The ReadWRiteTest sample code demonstrates how to save working data in a file containing an XML document, which next can be directly presented in other applications, like MS Word editor or Internet Explorer. In this concept, it is assumed that the bitstream formatted as XML is transformed using a stylesheet before being presented. An XML stylesheet is a set of rules or instructions for transforming the structure and presentation of XML documents. It defines how the data in an XML file should be formatted. It is the simplest way to detach a custom document's content from its formatting to be presented as graphical data, provided that the original document is compliant with the XML specification.

After the implementation of the IStylesheetNameProvider interface by the Catalog class, we can convey information about the default stylesheet that may be used to create an output XML file. Thanks to the implementation of the mentioned interface information about the stylesheet (XSLT file) is added to the XML document and can be used by any generic application to open the file and translate the content, for example, catalog.example.xml.

<?xml-stylesheet type="text/xsl" href="catalog.xslt"?>

XML-based Validation

If we are talking about exchanging data between different applications or between an application and a human, the issue of bitstream correctness arises. This issue should be considered on two independent levels. The first one is the correctness of the bitstream as a certain stream of signs, i.e. when the syntax rules are met. The second one is determined by the possibility of assigning information to these sequences and, therefore, assigning meaning to a bitstream.

To better understand these issues, let's look at them in the context of an example catalog.example.xml. The following discussion scops to the XML format but the presented approach should be recognized as a universal one.

The XML (Extensible Markup Language) is a language that defines syntax rules. For example, in the mentioned above XML text, after replacing the closing name of the CD element (by CD1 instead of CD for example) we get an XML syntax error. Syntax error means that the file is not compliant with the XML standard and should not be used anymore. But after replacing the name of the opening markup of the element with the same CD1 name, then this file is correct in the context of the XML syntax. However, it is difficult to imagine that two subsequent elements will have different names but will represent the same information. So at this point, we can say that this file complies with the XML standard with the XML syntax.
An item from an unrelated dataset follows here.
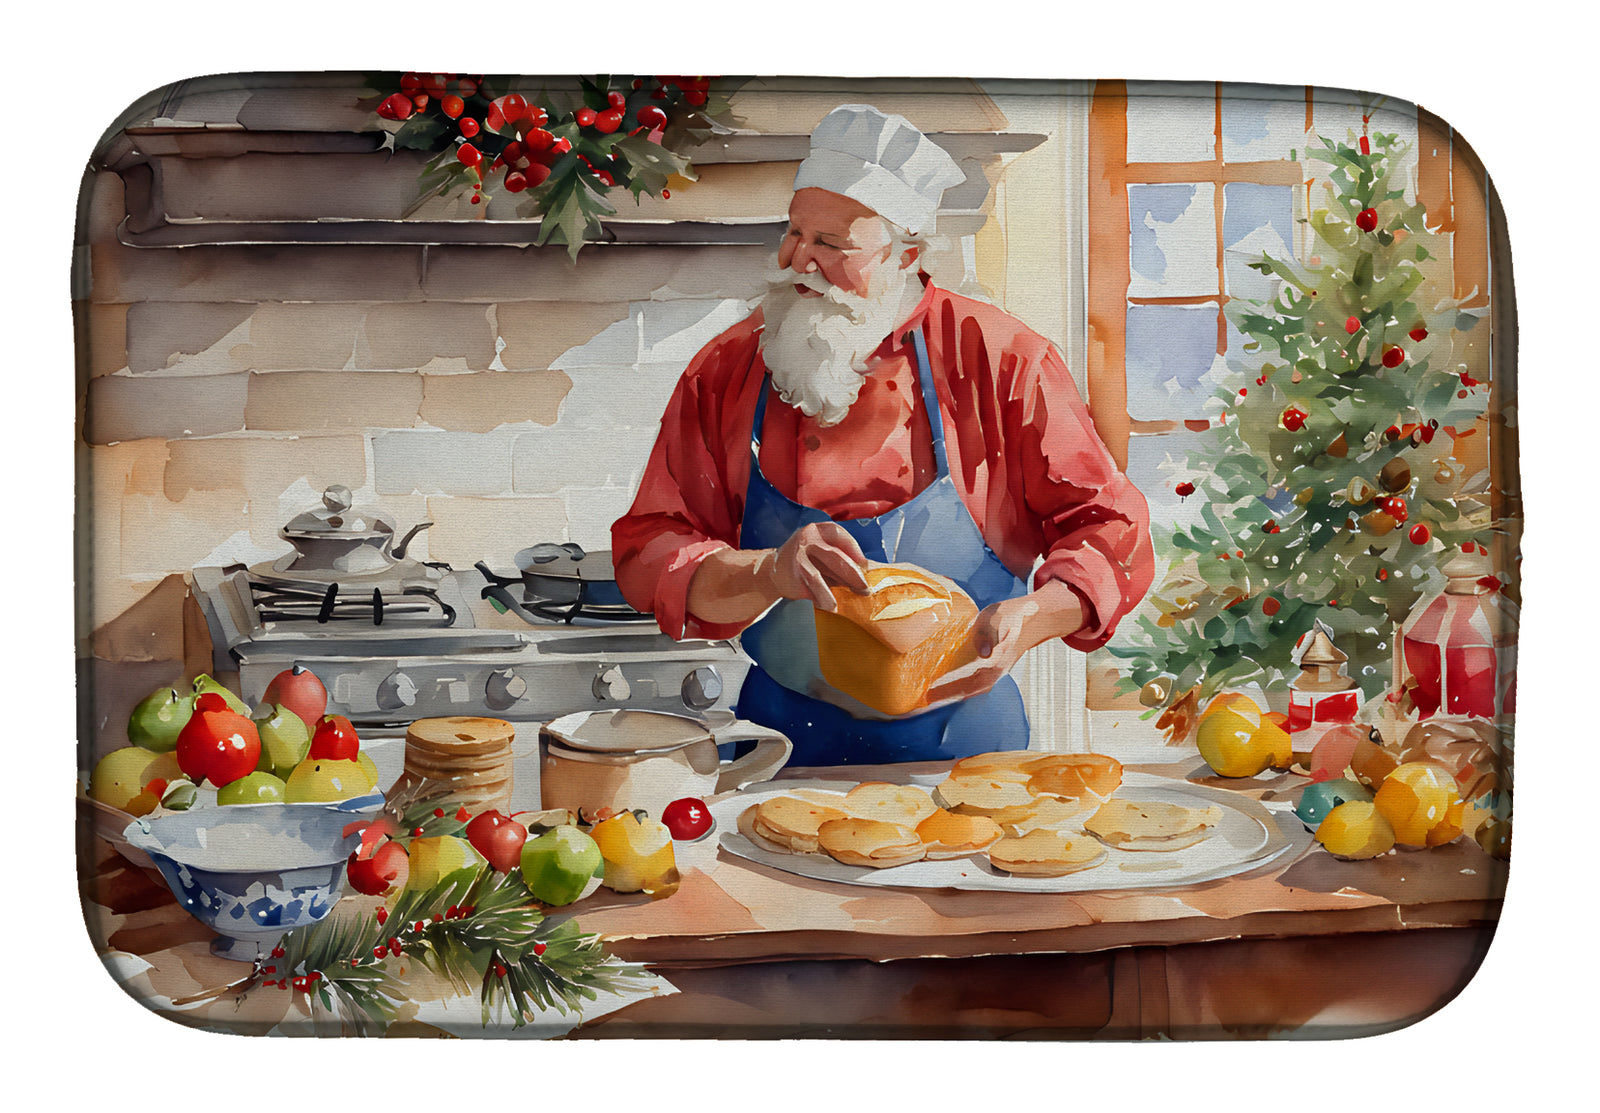 Buy this Cookies with Santa Claus Weihnachtsmann Dish Drying Mat

However, it does not represent the semantics we would expect.

Adding these attributes causes it to refer to the XML schema.

<Catalog xmlns:xsi="http://www.w3.org/2001/XMLSchema-instance" 
         xmlns:xsd="http://www.w3.org/2001/XMLSchema" 
         xmlns="http://Viculu34.org/Catalog.xsd"
         >
  <!-- catalog.example.xml content here -->
</Catalog>

The XML Schema allows to define additional syntax rules that will be used to check XML text against these rules. The syntax rules for the XML file must be met in a valid XML document. Hence, we can say that without the XML schema, it is just XML text. After adding schema, we can define how to construct the document that is to be verified using this additional schema document. After attaching the rules described in the schema, we can therefore verify the document and assume that if the document does not comply with the schema, it means that it is not valid and should be rejected instead of being used for further processing. Thanks to this, we can ensure that documents transferred between individual applications will be verified from the point of view of their syntax rules, which should be derived from the document semantics.